We accidentally blew through our free Google App Engine credit in less than 30 days because of an errant flexible instance that wasn't cleared by subsequent deployments. When we pinpointed it as the cause it had scaled up to four simultaneous instances that were basically idling away.
tl;dr: Use the --version flag when deploying to specify a version name. An existing instance with the same version will be
replaced then next time you deploy.
That led me down the rabbit hole that is --stop-previous-version. Here's what I've found out so far:
--stop-previous-version doesn't seem to be supported anymore. It's mentioned under Flags on the gcloud app deploy reference page, but if you look at the top of the page where all the flags are listed, it's nowhere to be found.

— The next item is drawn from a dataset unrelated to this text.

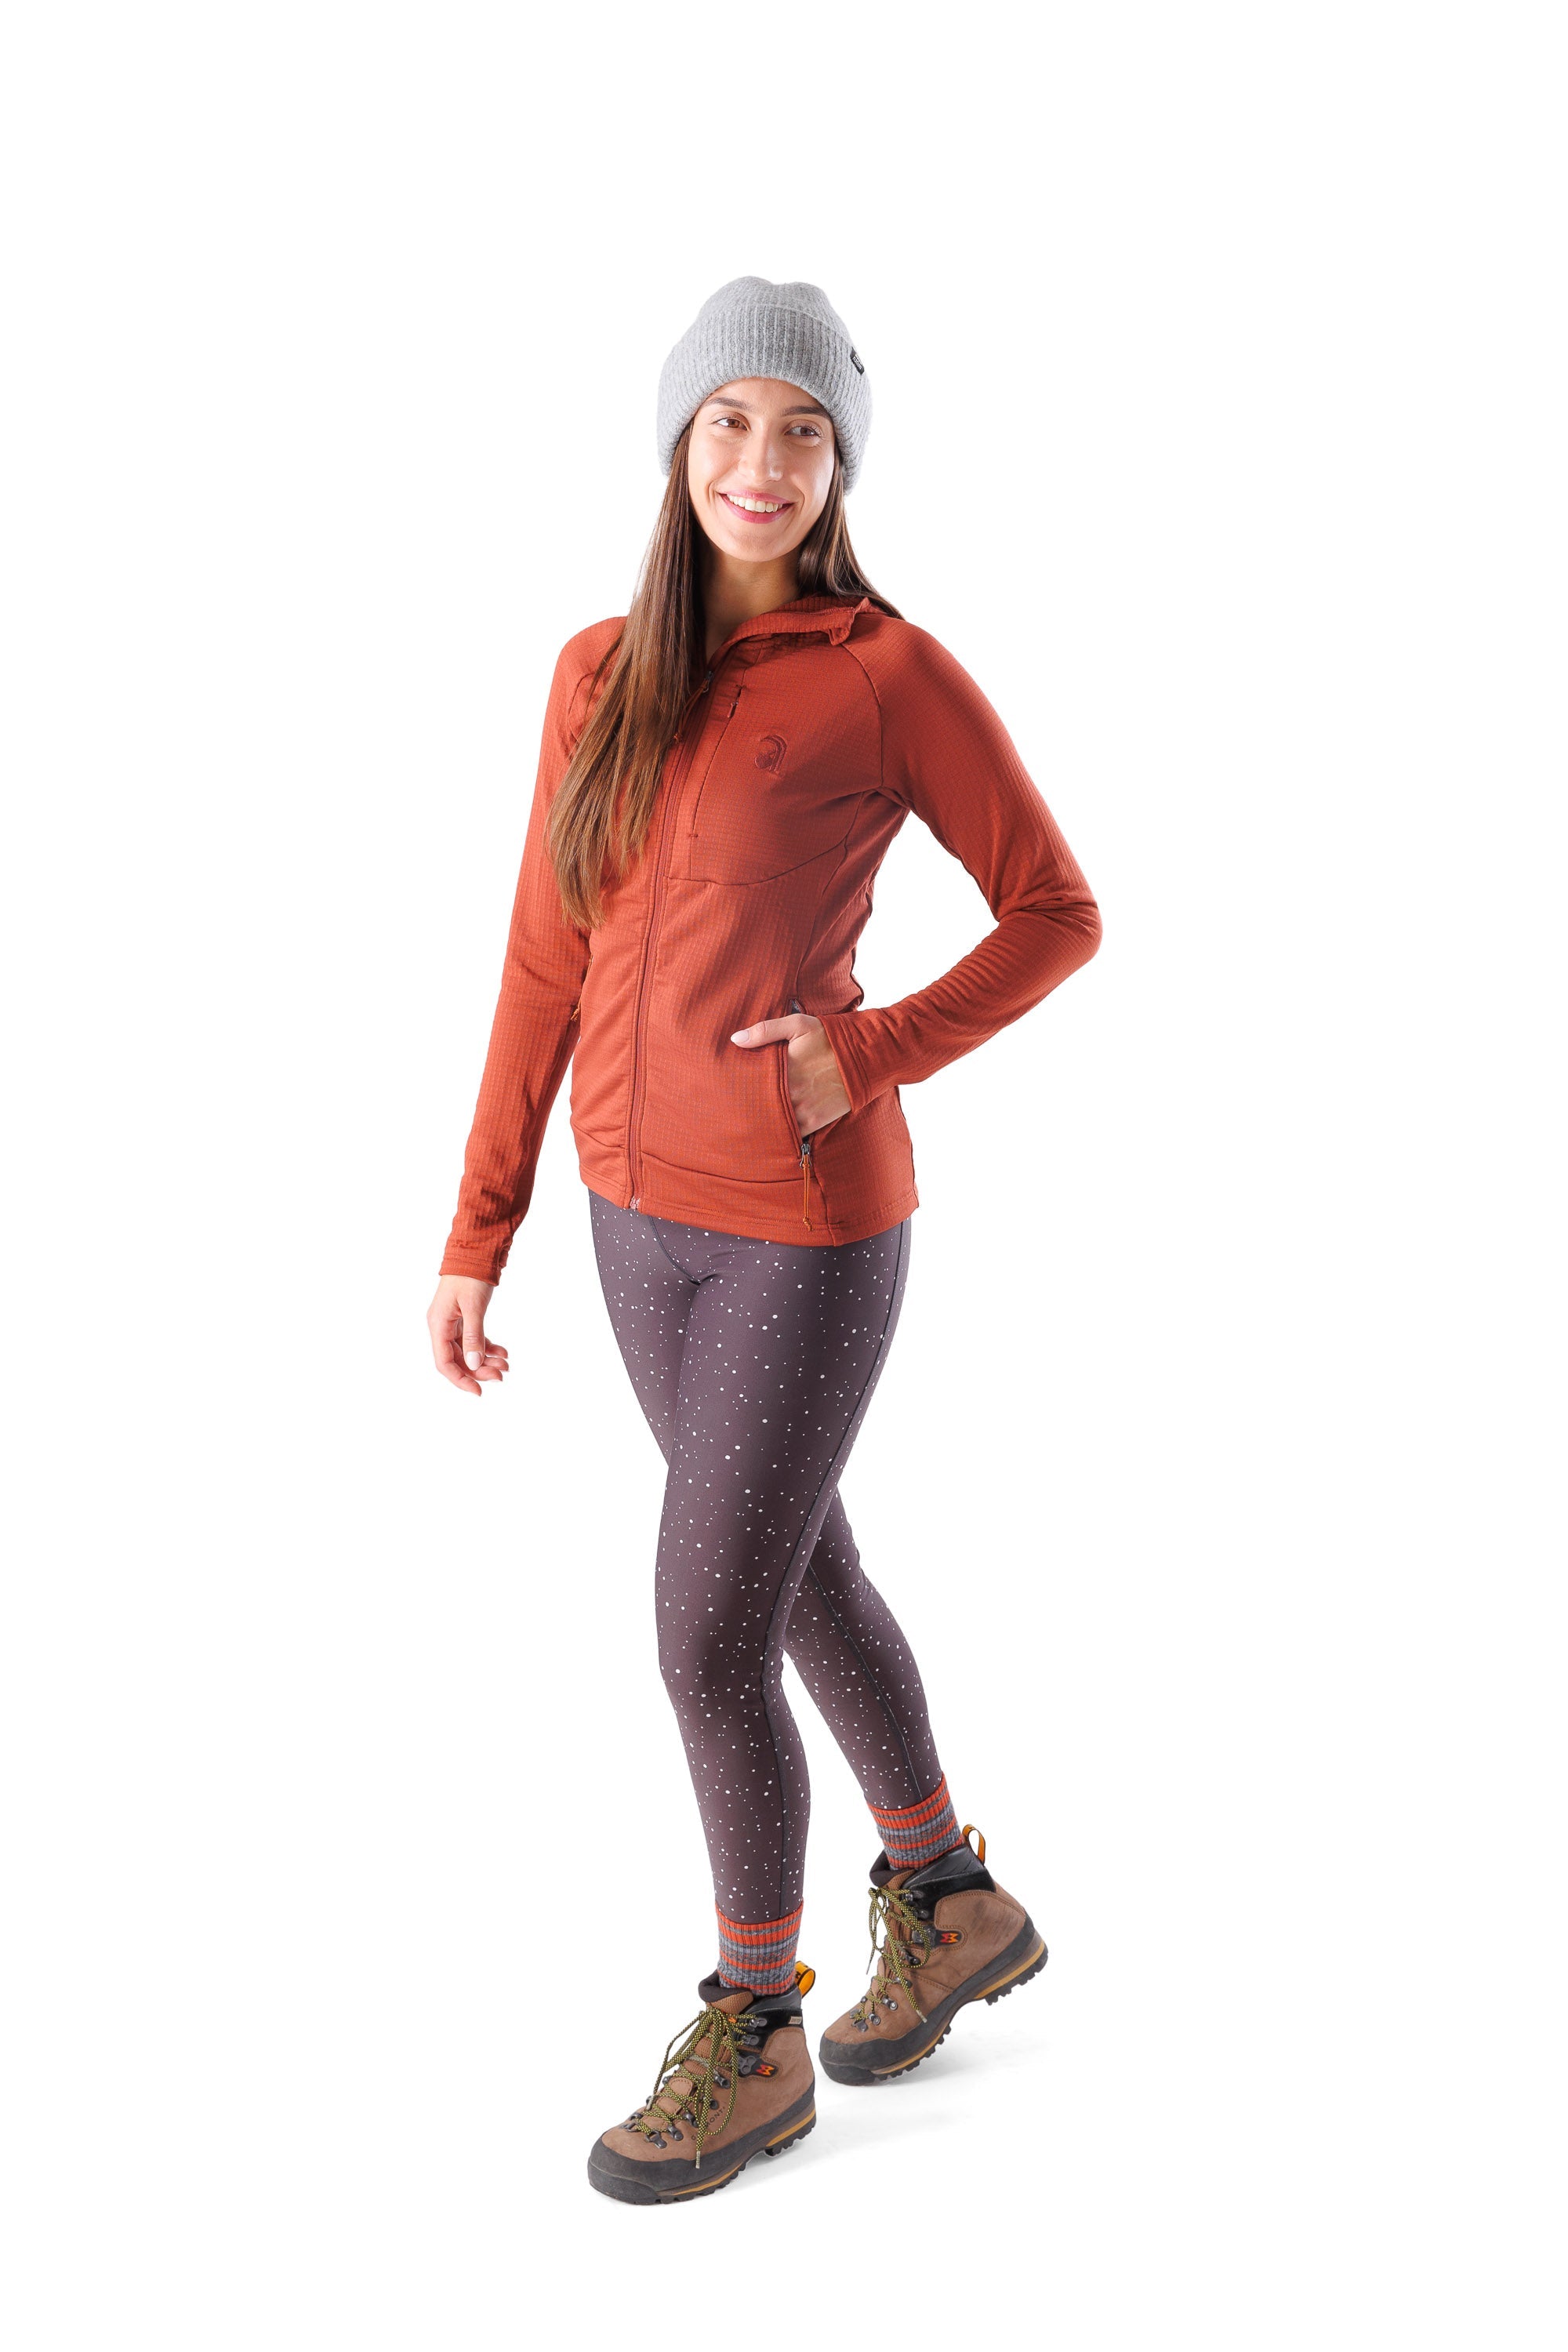 APEX Winter Leggings Blackout - Tall (+7 cm) – Alpine Nation Outdoor  Clothing
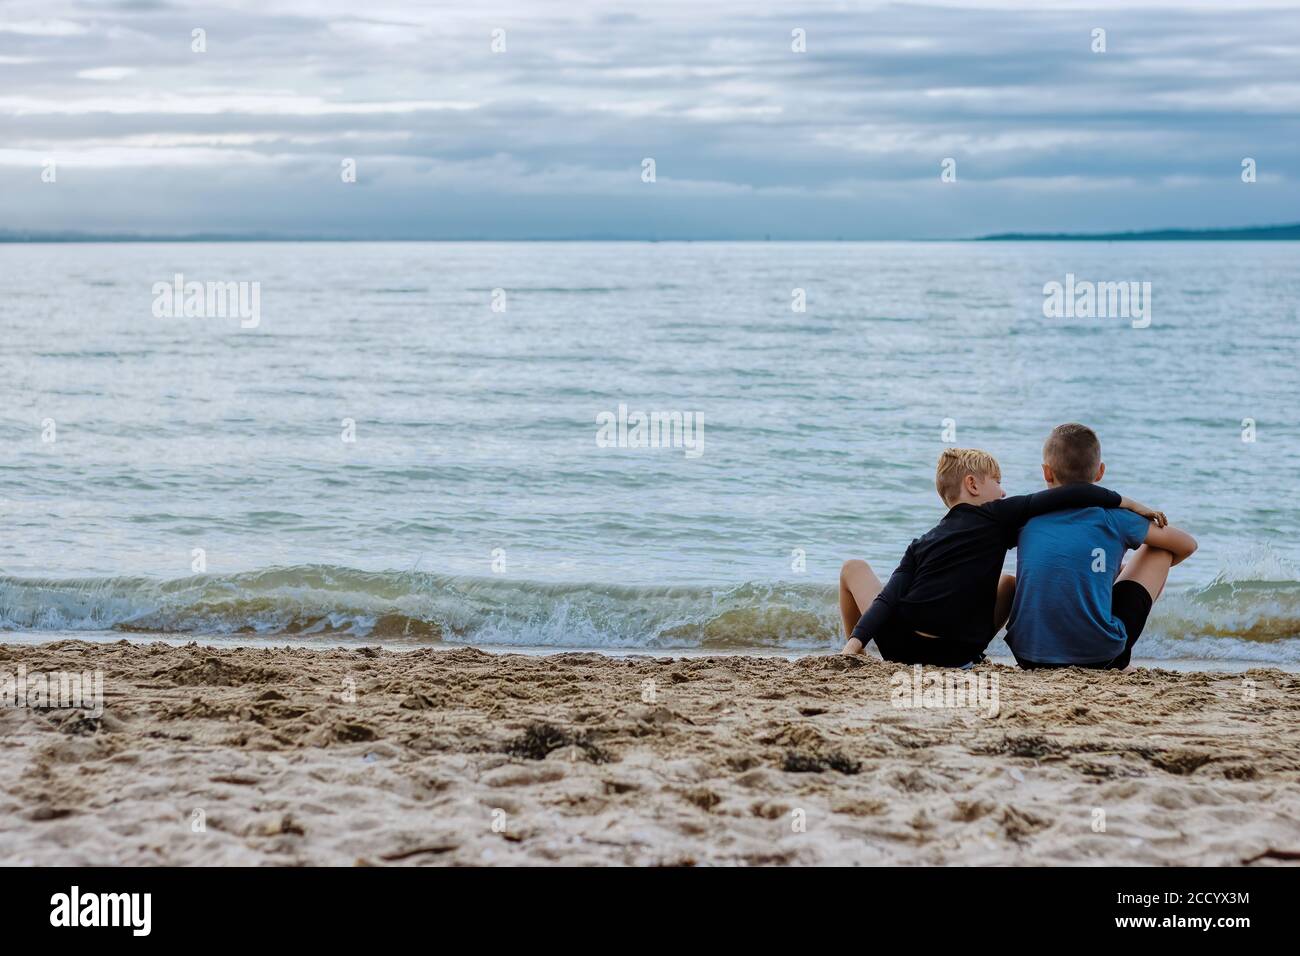 Two brothers bond over the beauty of the ocean as they sit on the beach, with the younger brother comforting the older one with an arm around him. Stock Photo

I tried deploying with that flag set to see what would happen but it seemingly had no effect. A new version was still created, and I still had to go in and manually delete the old instance.
There's an open Github issue on the gcloud-maven-plugin repo that specifically calls this out as an issue with that plugin but the issue has been seemingly ignored.
At this point our best bet at this point is to add --version=staging or whatever to gcloud deploy app. The reference docs for that flag seem to indicate that that it'll replace an existing instance that shares that "version":
--version=VERSION, -v VERSION
The version of the app that will be created or replaced by this deployment. If you do not specify a version, one will be generated for you.
(emphasis mine)
Additionally, Google's own reference documentation on app.yaml (the link's for the Python docs but it's still relevant) specifically calls out the --version flag as the "preferred" way to specify a version when deploying:
The recommended approach is to remove the version element from your app.yaml file and instead, use a command-line flag to specify your version ID
As far as I can tell, for Standard Environment with automatic scaling at least, it is normal for old versions to remain "serving", though they should hopefully have zero instances (even if your scaling configuration specifies a nonzero minimum). At least that's what I've seen. I think (I hope) that those old "serving" instances won't result in any charges, since billing is per instance.
I know most of the above answers are for Flexible Environment, but I thought I'd include this here for people who are wondering.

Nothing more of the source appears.